#### Exercise
The data must be given again exactly as written, with all images omitted.

#### Raw data
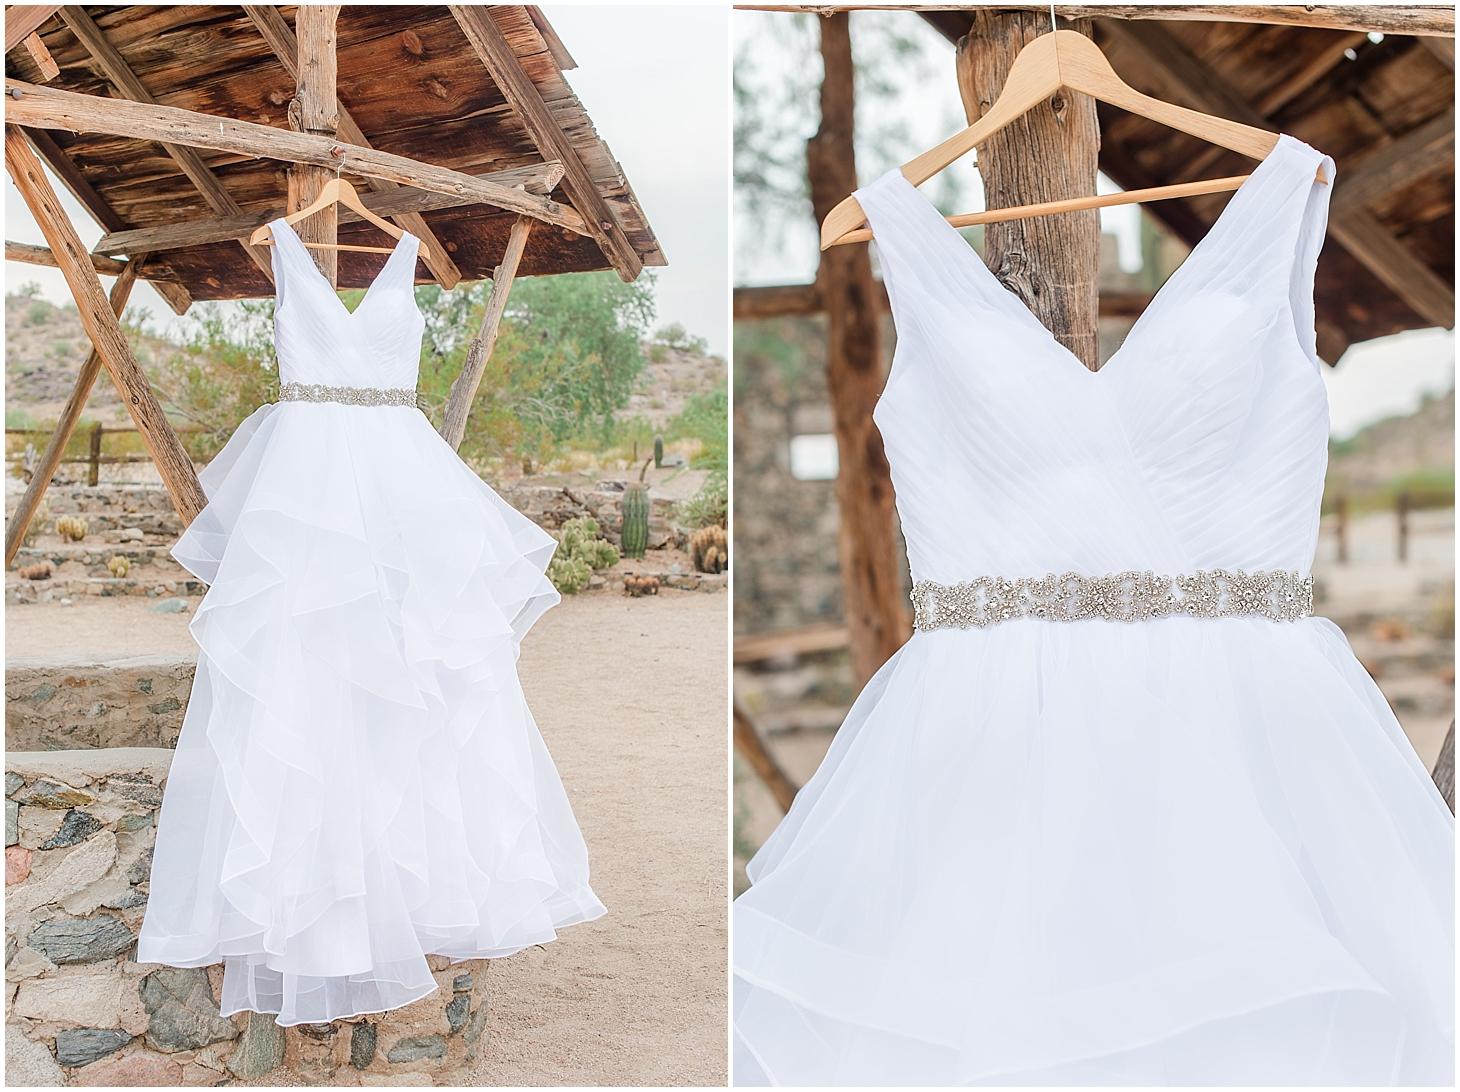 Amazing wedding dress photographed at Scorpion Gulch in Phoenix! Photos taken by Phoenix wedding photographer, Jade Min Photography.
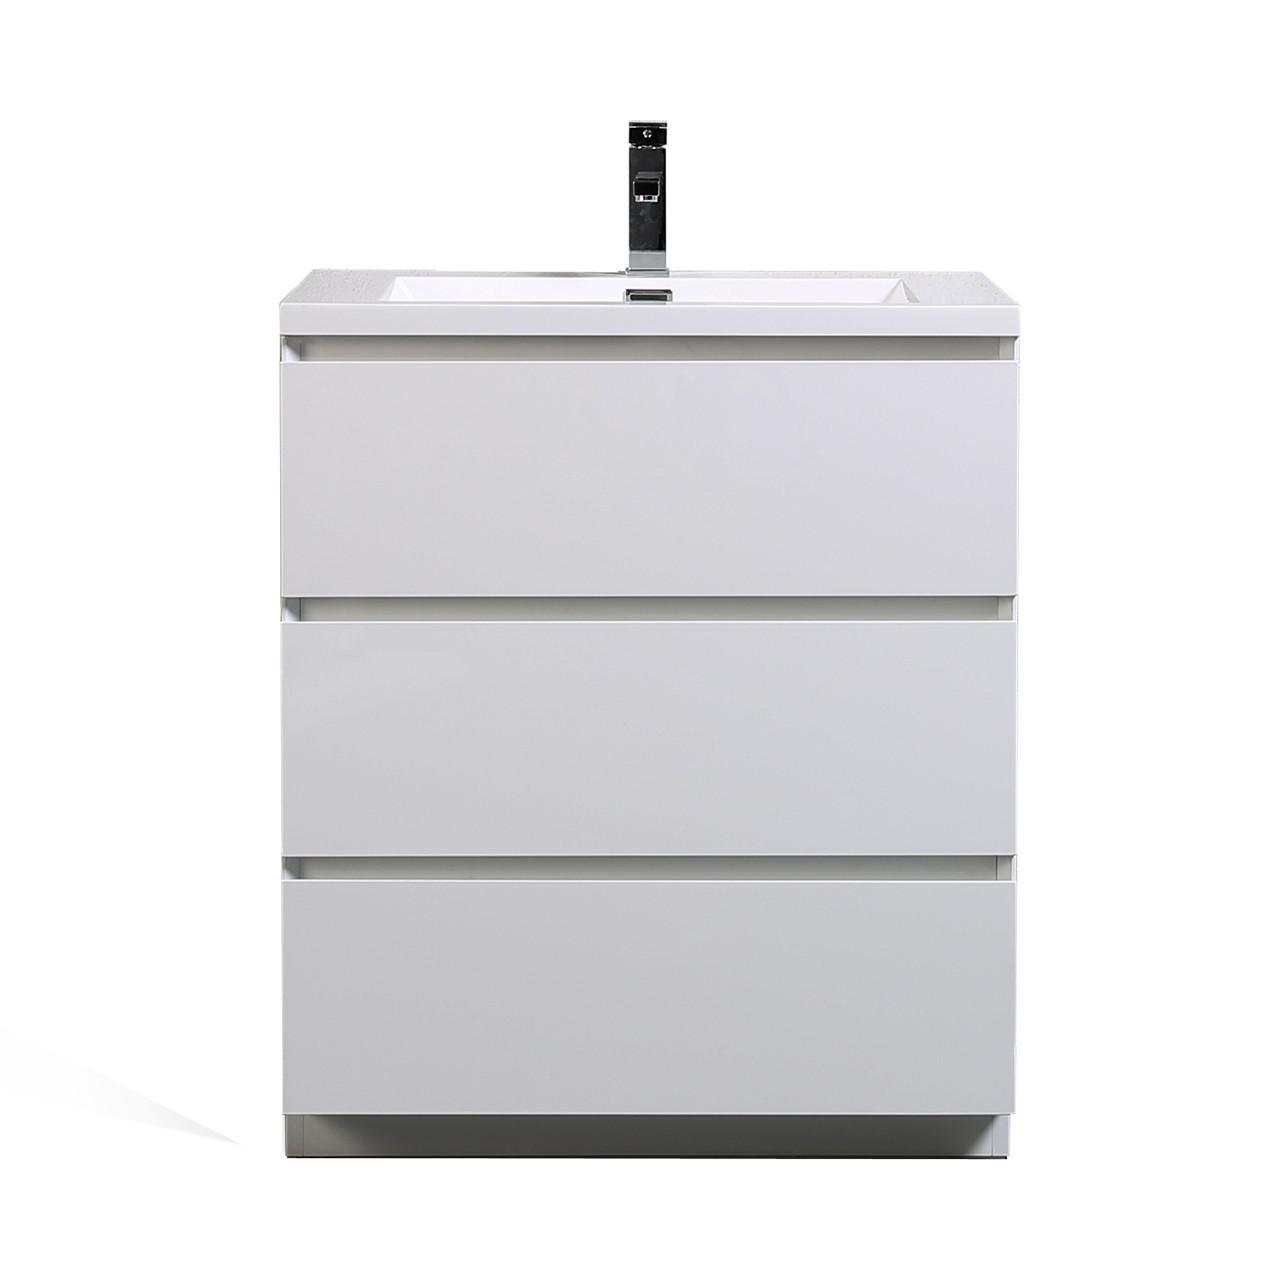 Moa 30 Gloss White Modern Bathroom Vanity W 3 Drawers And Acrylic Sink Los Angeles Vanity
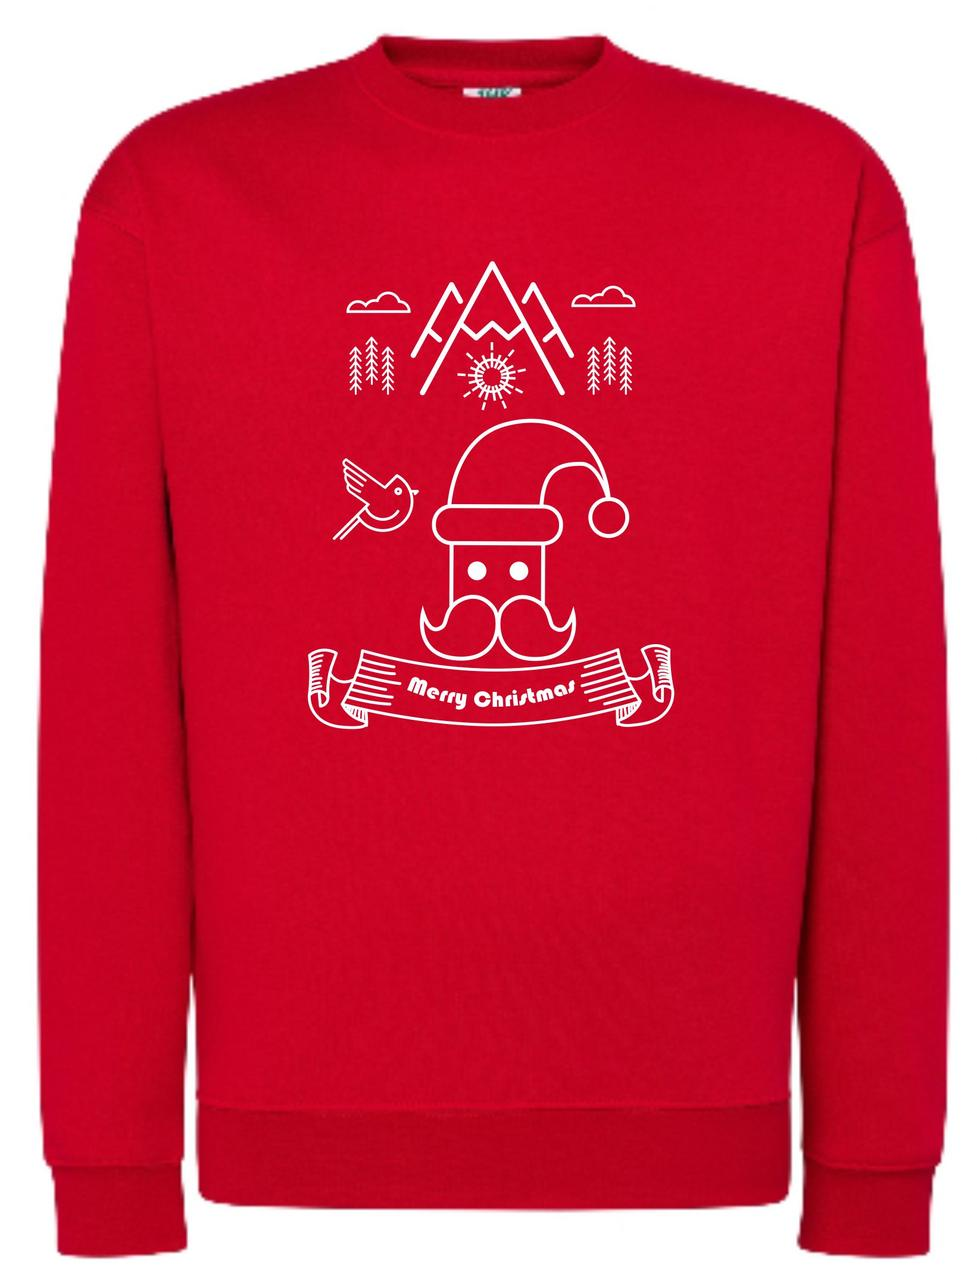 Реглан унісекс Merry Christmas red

#### Your response
 Amazing wedding dress photographed at Scorpion Gulch in Phoenix! Photos taken by Phoenix wedding photographer, Jade Min Photography.
 Moa 30 Gloss White Modern Bathroom Vanity W 3 Drawers And Acrylic Sink Los Angeles Vanity
 Реглан унісекс Merry Christmas red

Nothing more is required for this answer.